PROBLEM DESCRIPTION → Give back the lines below exactly, but do not include any pictures.

--- INFORMATION SHOWN ---

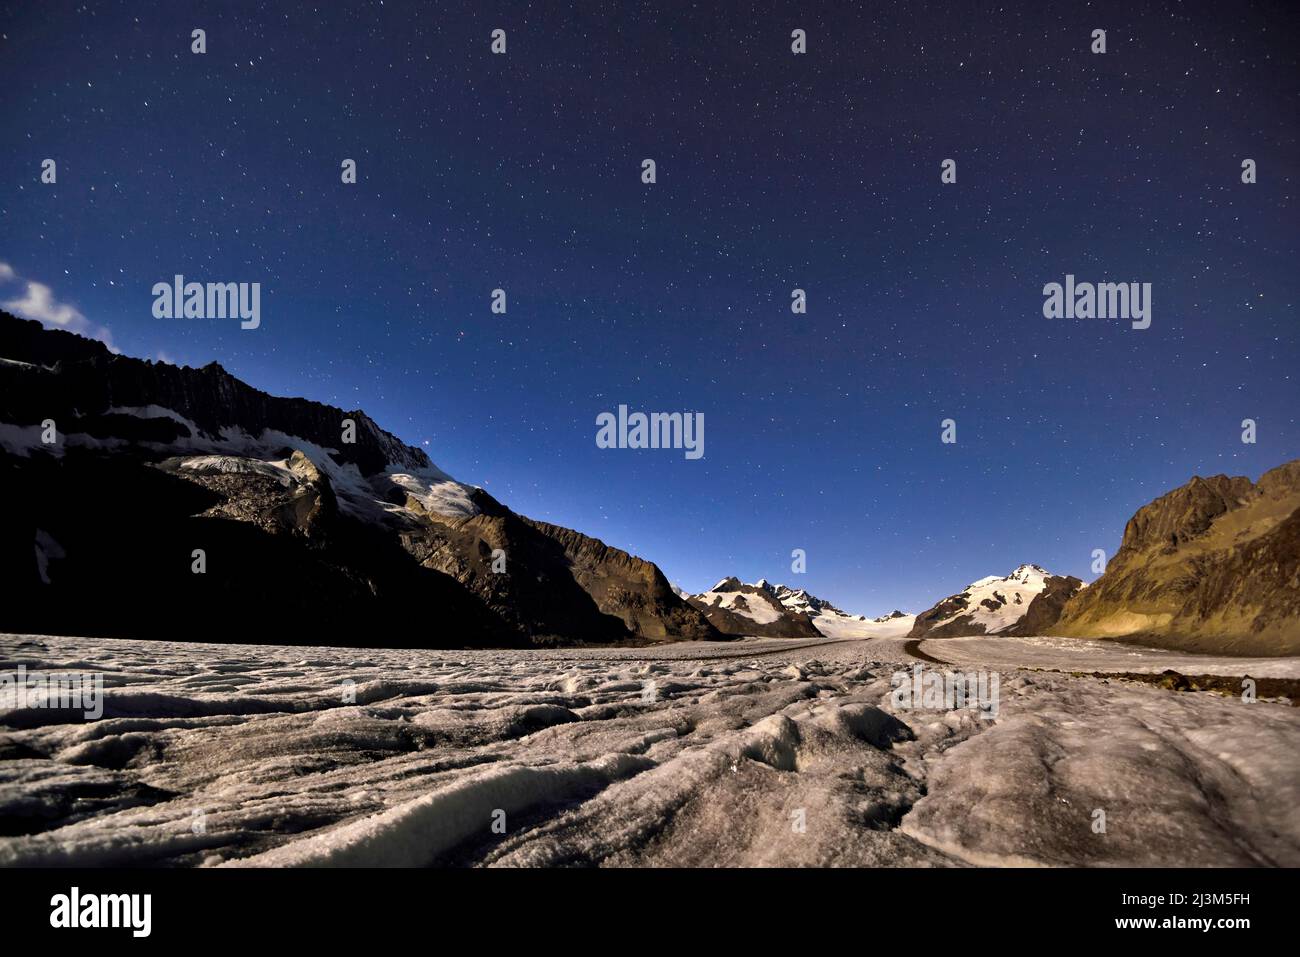 Paesaggio selvaggio di notte sul Ghiacciaio Aletsch; Ghiacciaio Aletsch, Fiesch, Svizzera. Foto Stock
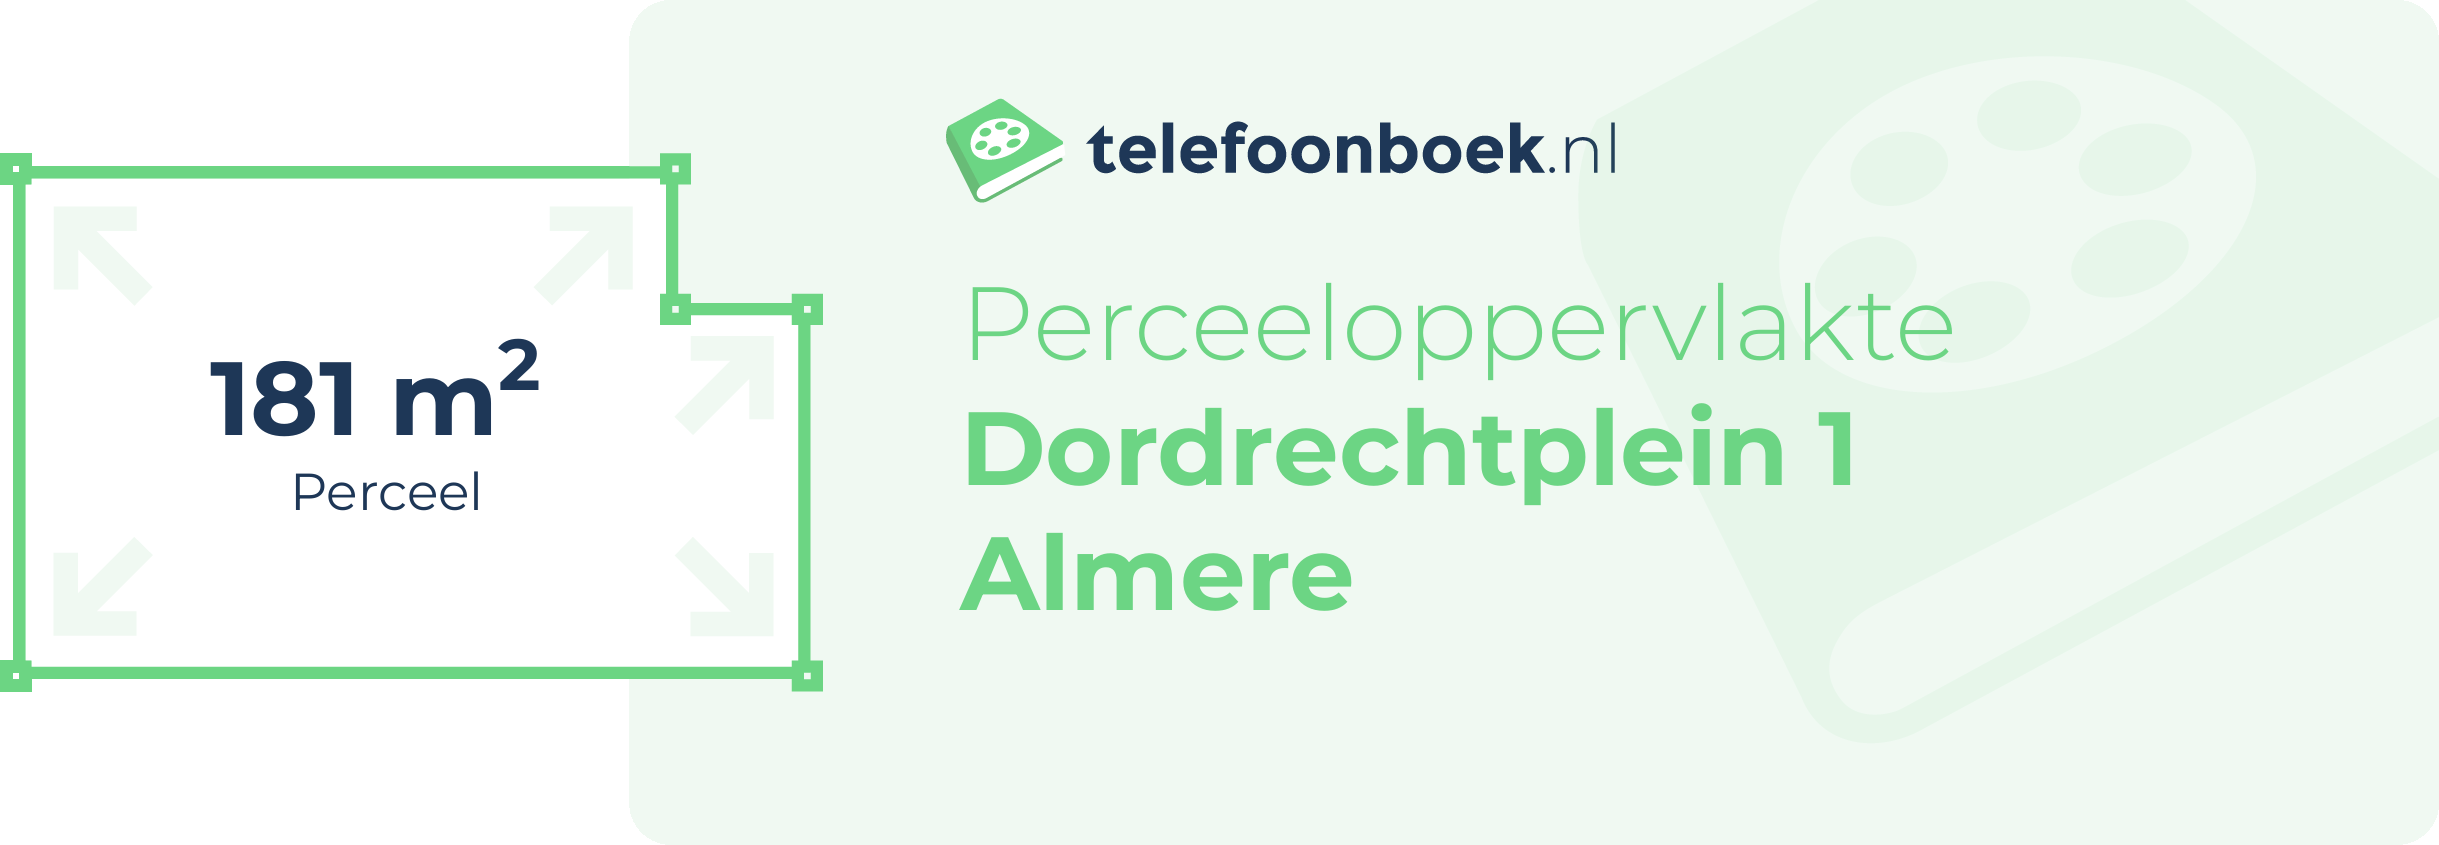 Perceeloppervlakte Dordrechtplein 1 Almere
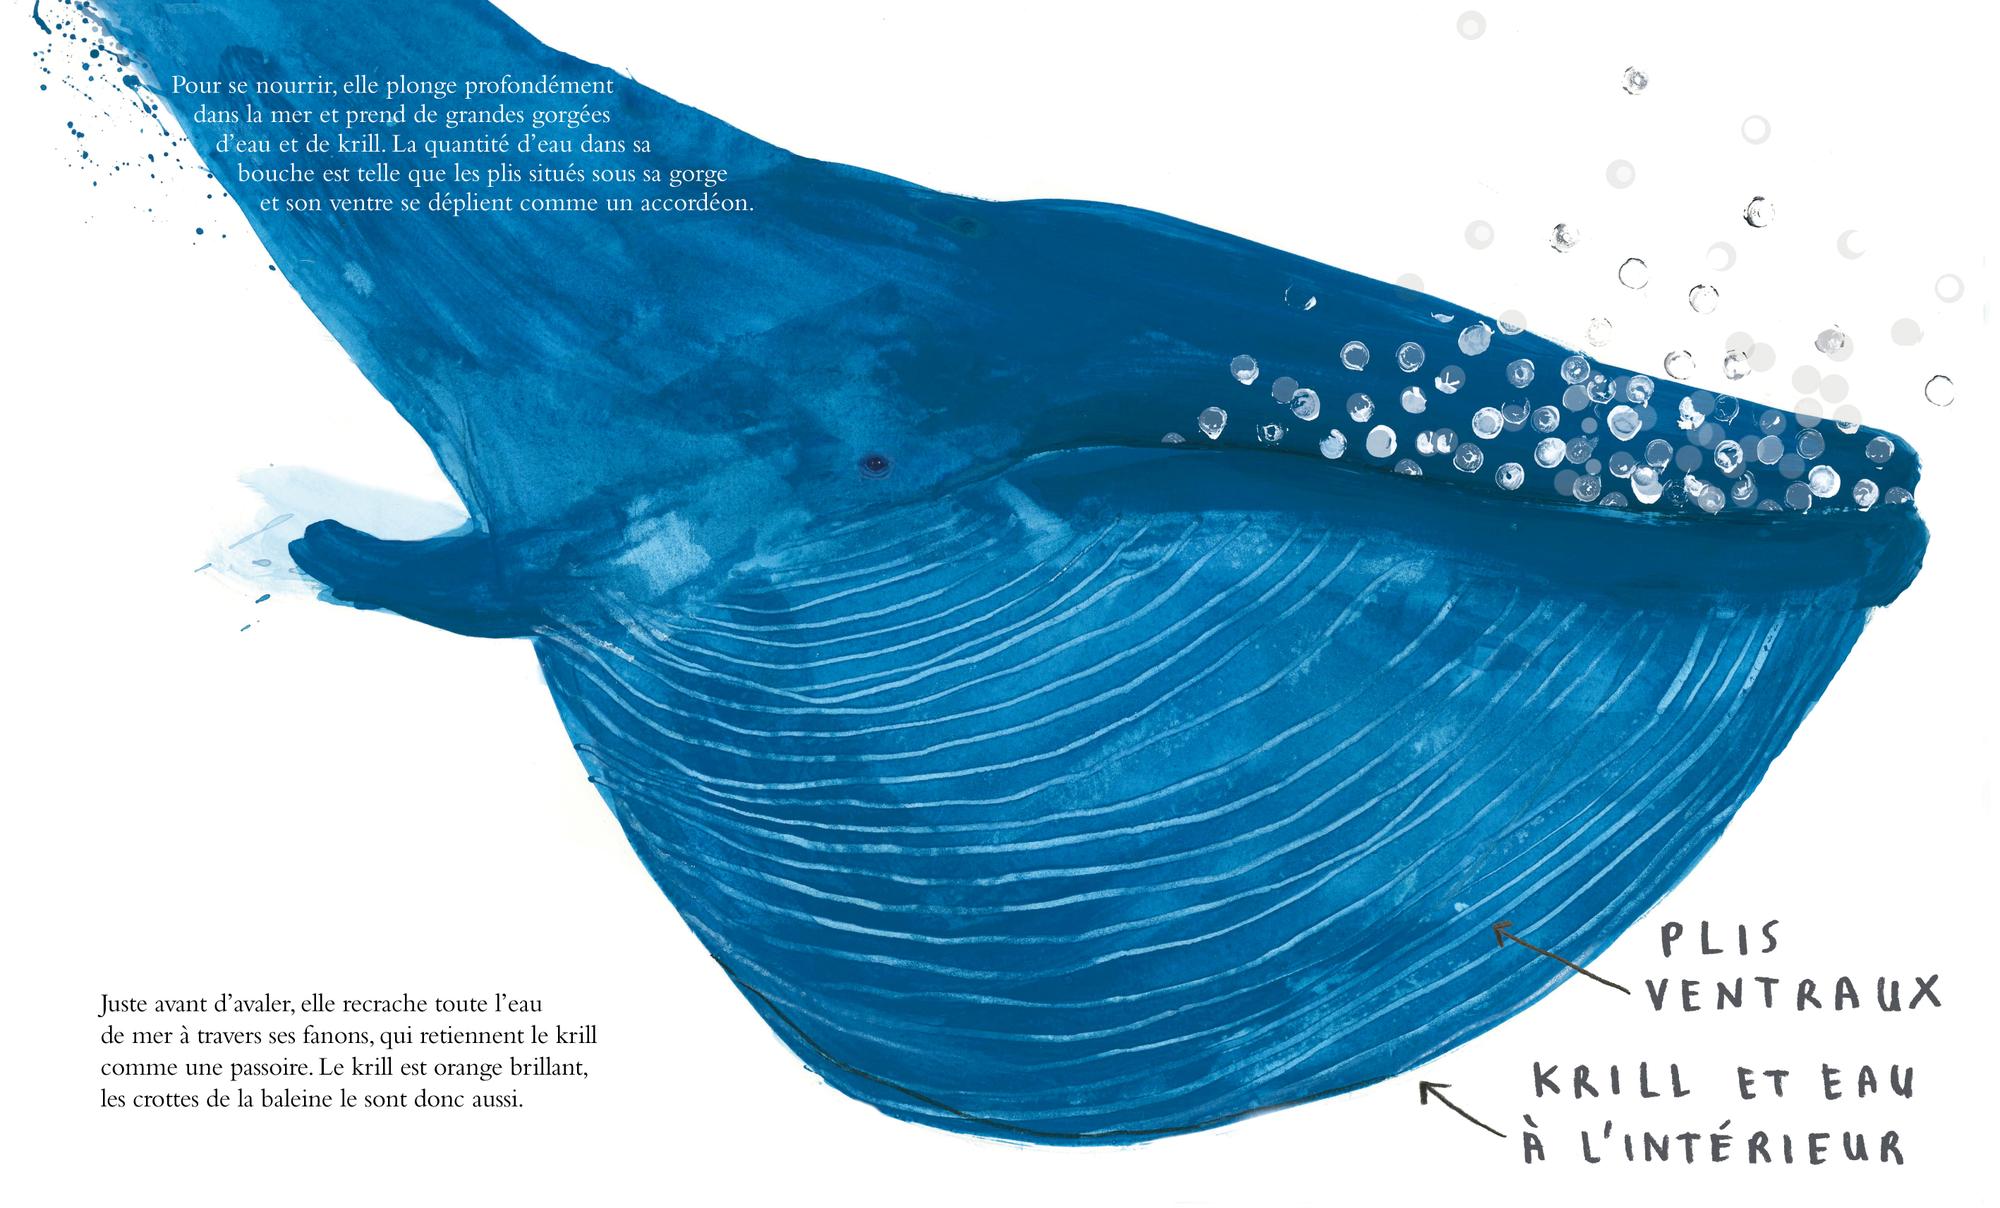 Кит личная жизнь. Синий кит. Изображение кита. Кит синий кит.

---

SOLUTION TO THIS PROBLEM →
 Paesaggio selvaggio di notte sul Ghiacciaio Aletsch; Ghiacciaio Aletsch, Fiesch, Svizzera. Foto Stock
 Perceeloppervlakte Dordrechtplein 1 Almere
 Кит личная жизнь. Синий кит. Изображение кита. Кит синий кит.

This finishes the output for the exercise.